Perjudian online, termasuk aktivitas yang melibatkan “bandar toto”, memiliki dampak yang sering tidak disadari oleh remaja. Meskipun sekilas terlihat seperti permainan angka biasa, risiko yang muncul jauh lebih besar daripada sekadar kehilangan uang. Remaja adalah kelompok yang paling rentan terhadap efek psikologis dan digital dari perjudian online.
Salah satu dampak utama adalah penurunan kemampuan mengelola emosi. Ketika remaja mencoba permainan angka dan melihat diri mereka ‘hampir menang’, mereka mungkin merasa terdorong untuk mencoba lagi. Sensasi ini memicu adrenalin dan menciptakan pola perilaku impulsif. Jika dibiarkan, pola ini dapat terbawa ke kebiasaan sehari-hari, seperti sulit fokus belajar atau mudah stres.
Selain itu, perjudian online dapat memicu masalah kepercayaan diri. Ketika remaja merasa gagal mencapai kemenangan yang diharapkan, mereka bisa mengalami penurunan harga diri. Mereka mungkin merasa kurang cukup baik atau terus menyalahkan diri sendiri, padahal sistem permainan tersebut memang dibuat tidak adil.

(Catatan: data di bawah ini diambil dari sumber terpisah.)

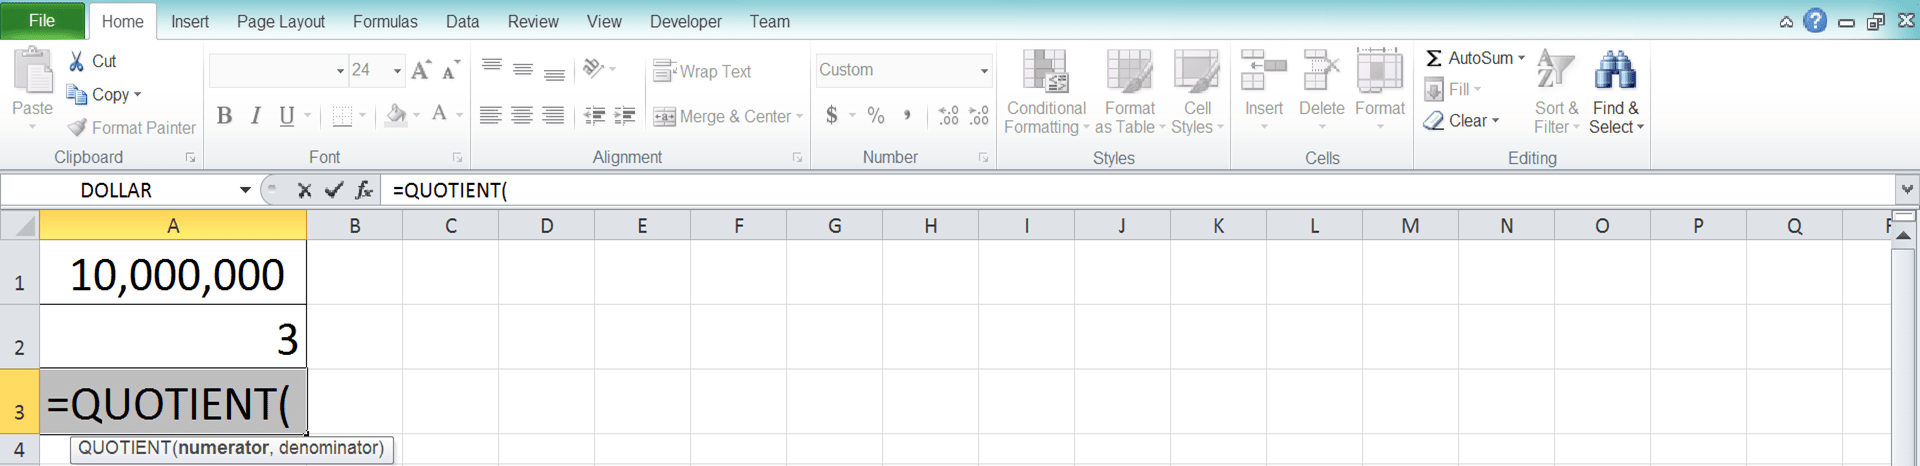 Cara Menggunakan Rumus QUOTIENT Excel: Fungsi, Contoh, dan Langkah Penulisan - Screenshot Langkah 2

Dari sisi sosial, dampaknya bisa sangat besar. Remaja yang terjebak situs “bandar toto” bisa mulai menarik diri dari pergaulan, menutup diri dari keluarga, atau menghabiskan waktu tanpa batas di perangkat mereka. Ketergantungan seperti ini dapat merusak hubungan dengan teman, keluarga, dan lingkungan sekitar.
Dampak digitalnya juga tidak kalah serius. Situs “bandar toto” sering kali meminta data pribadi pengguna. Jika data tersebut disalahgunakan atau bocor, remaja bisa terancam mengalami pencurian identitas atau peretasan akun media sosial. Pengalaman buruk ini dapat membuat mereka merasa takut menggunakan internet atau malu untuk meminta bantuan.
Semua dampak ini menunjukkan bahwa remaja perlu memahami bahwa perjudian online bukan hanya soal uang, tetapi juga soal kesehatan mental, emosi, dan keselamatan digital. Orang tua dan guru perlu membantu remaja membangun kebiasaan online yang sehat serta mengajak mereka berbicara terbuka tentang risiko yang ada di internet.